Thirdly, I can question this because the computational theory of the mind and neuroscience is purposely researching and inventing AI tech to replace humans.

So the agenda is clear. Clever theories (not truths) advocated by tenured Professors purporting to explain the human brain are being used to create and deploy tech that seeks to replace and disenfranchise populations of humans.

CTM isn’t a theory of the mind. Instead, it is a theory of human political control coupled with autonomous tools that measure images, detect patterns of behavior, and assert answers to questions as truths from code with black box (DNN) logic that cannot be explained by people.

Through supposedly superior scientism, communities of scientists aided in some instances by surveillance-oriented governments like China (cf. Social Credit Scoring) or Australia (cf. The Capability) are hell-bent on proving the correctness of their belief system by imposing it on unwitting societies.

Innocent populations intertwined into a global AI experiment using social media, ubiquitous smart devices, and cameras as the channels.

What else this is, is a longitudinal shift of belief against the divine, and a push towards atheism and science as the superior global discourse that accompanies high and ultra-high net wealth economics.

In 2013, Professor Pinker was awarded a Richard Dawkins Award from the Atheist Alliance of America.

How is the dopamine reward prediction error model relevant to the inspirational works of Michelangelo, Mozart, or Handel?

It’s not. But it is relevant to predicting and controlling behavior through a series of rewards and penalties, it is relevant to computational strategies for code to learn Go, and it will become increasingly relevant to the government of peoples as they too adopt increasingly pervasive automated reinforcement learning strategies, such as the Australian governments monitoring and restriction of social security payment spending to authorized products and services, which exclude alcohol, gambling or cash.

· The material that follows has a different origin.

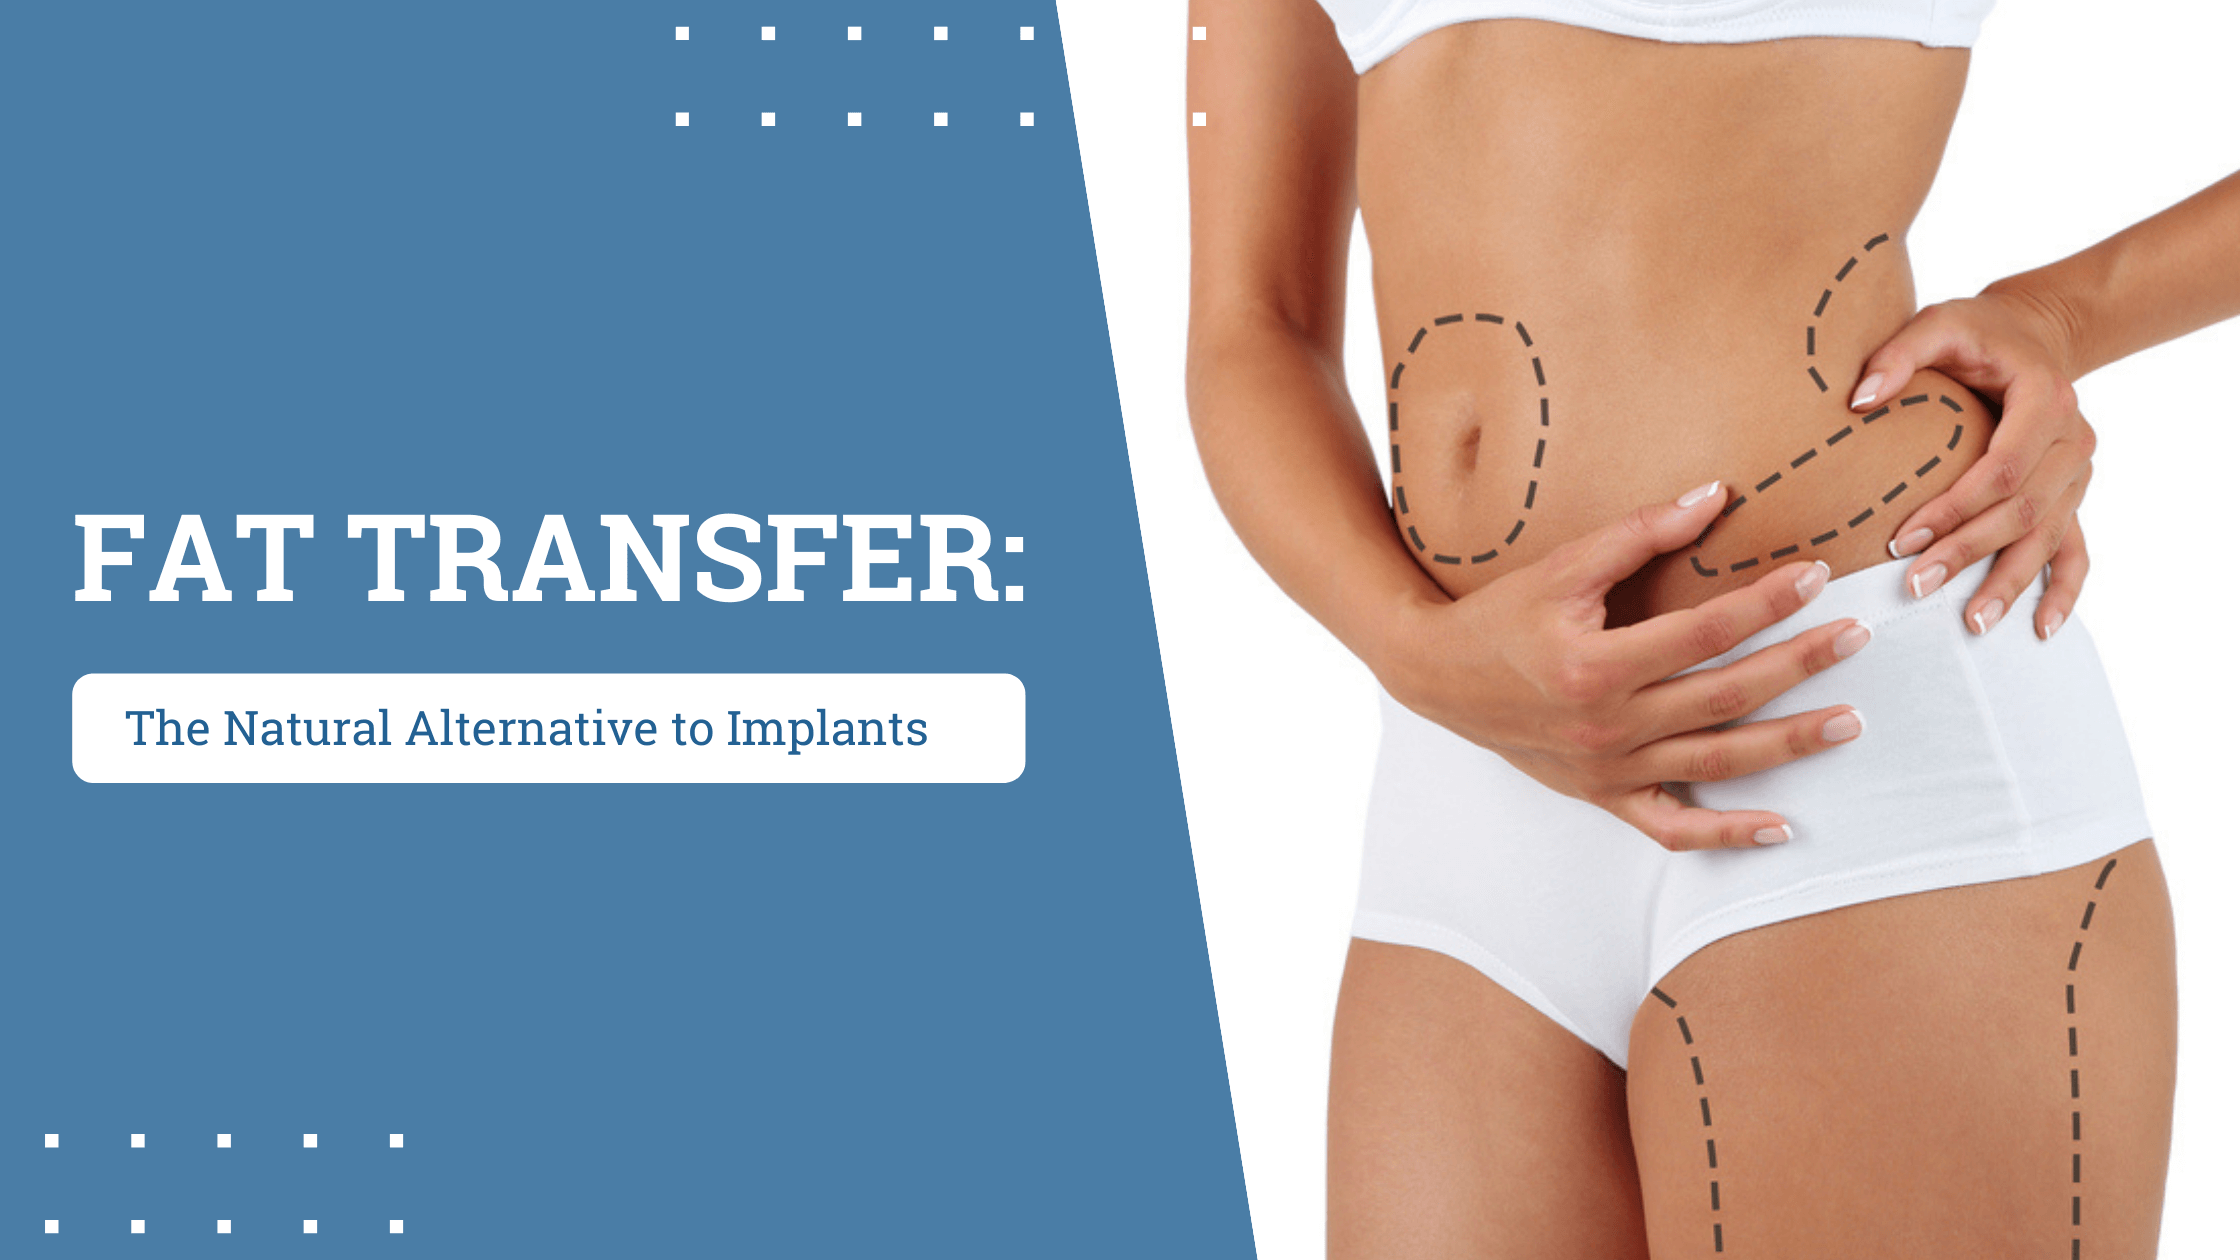 Fat Transfer: The Natural Alternative to Implants

Whether you believe in the divine or not, what matters in a free society that a multiplicity of thought systems, beliefs, and discourses are permitted. Where one group is aiming to prove the other wrong that is firmly a relation of power and control. The Dali Lama doesn’t seek to force you to believe that Buddhism is the true way, neither should the AI research community seek to inject monetized code across the globe in many contexts of everyday life that is predicated on an politico-mechanistic lens on humanity simply for its efficacy at tracking, tricking, controlling and even replacing humans.

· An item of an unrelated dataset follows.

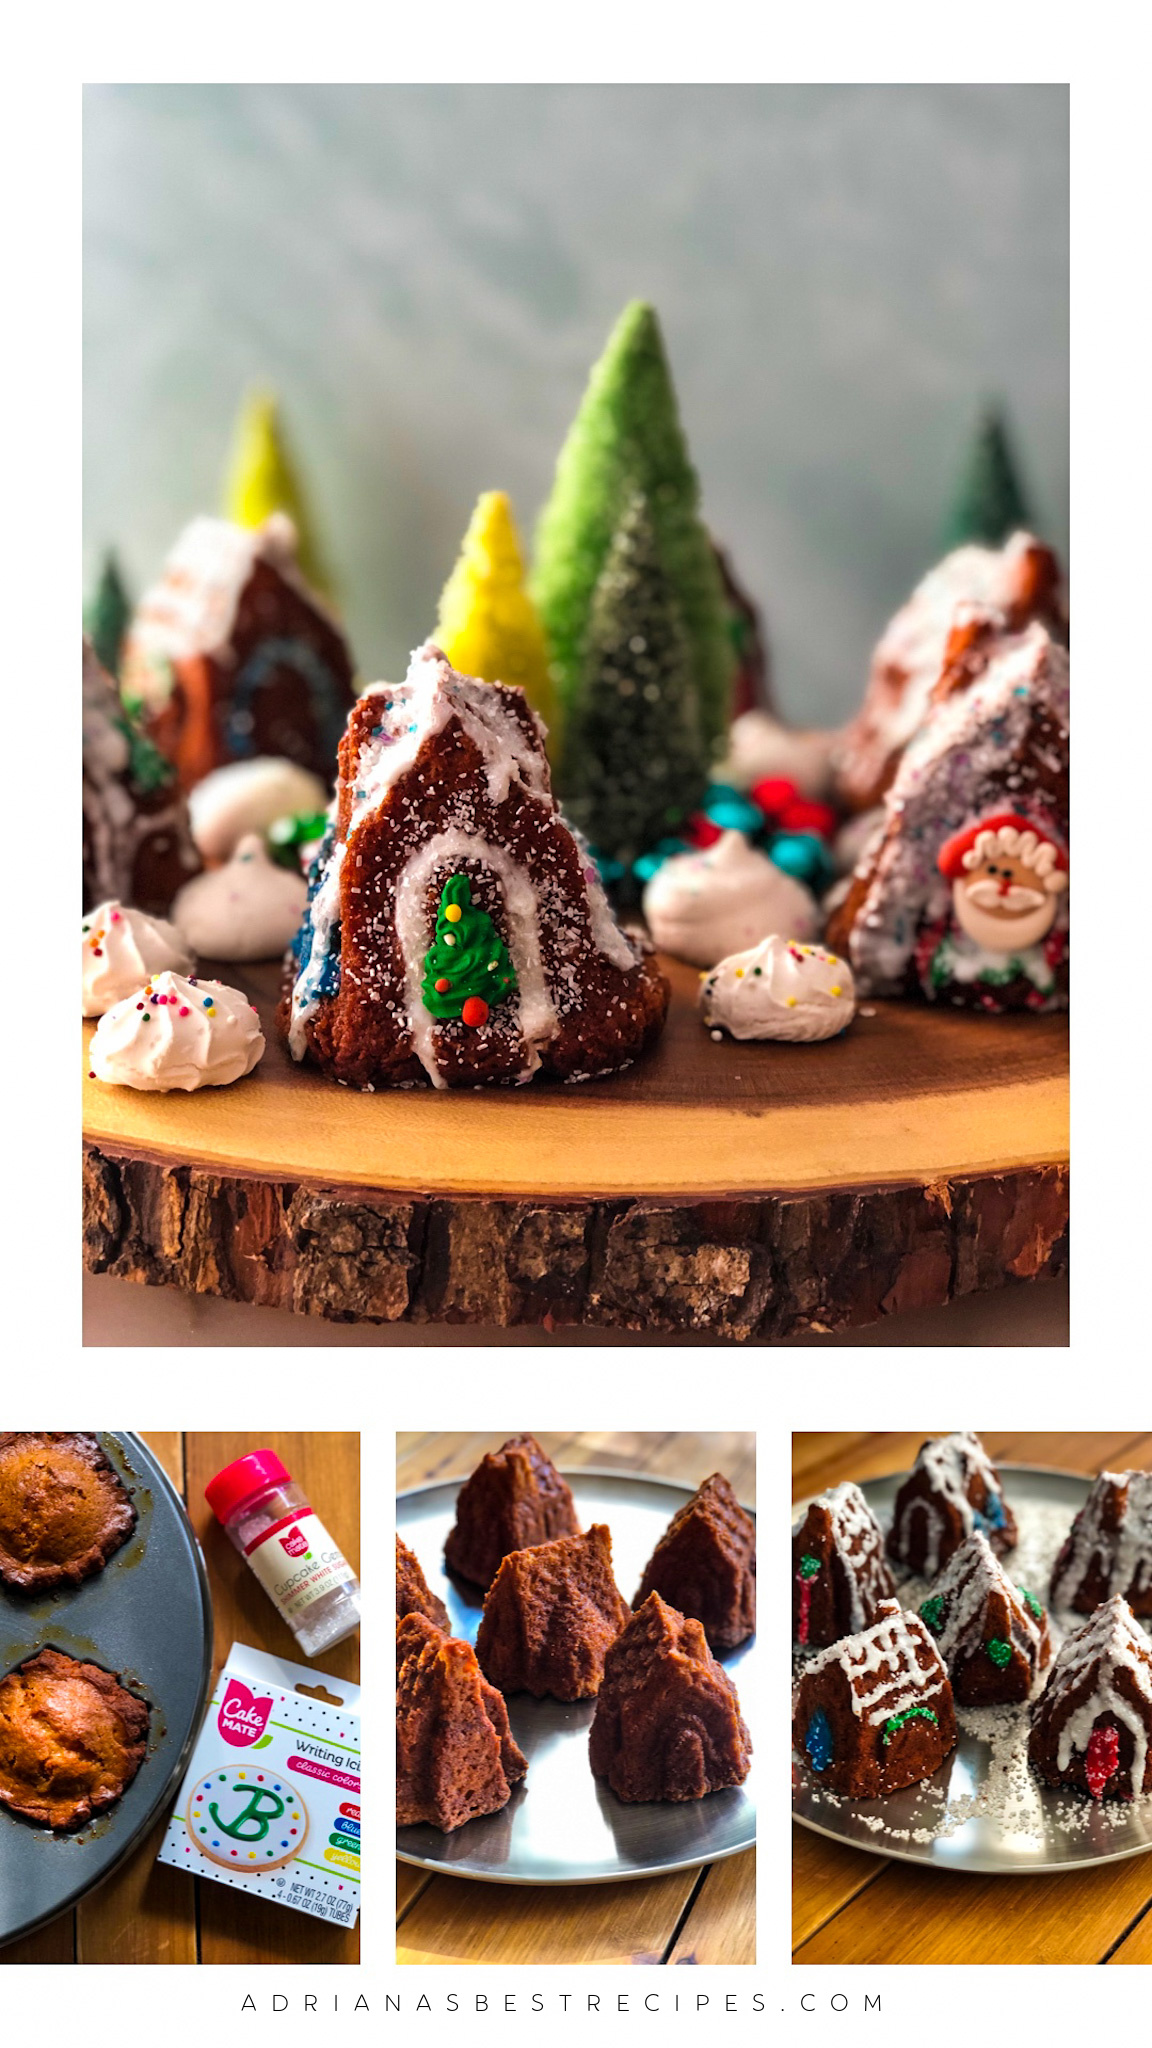 Collage on how to decorate the apple cupcakes and the final product showing an edible christmas village

It seems the brain has become the new political bargaining tool.

Footnotes

[1] https://www.webmd.com/mental-health/what-is-dopamine#1

[2] There’s a lot of confusion in the media intermixing machine learning (ML), which is fundamentally an accepted statistical tool, with the nascent artificial intelligence (AI) advances. ML uses probability distributions and associated measurements and techniques, while AI is based on neural networks using theories of reinforcement learning or other models that reference back to the computational theory of the mind.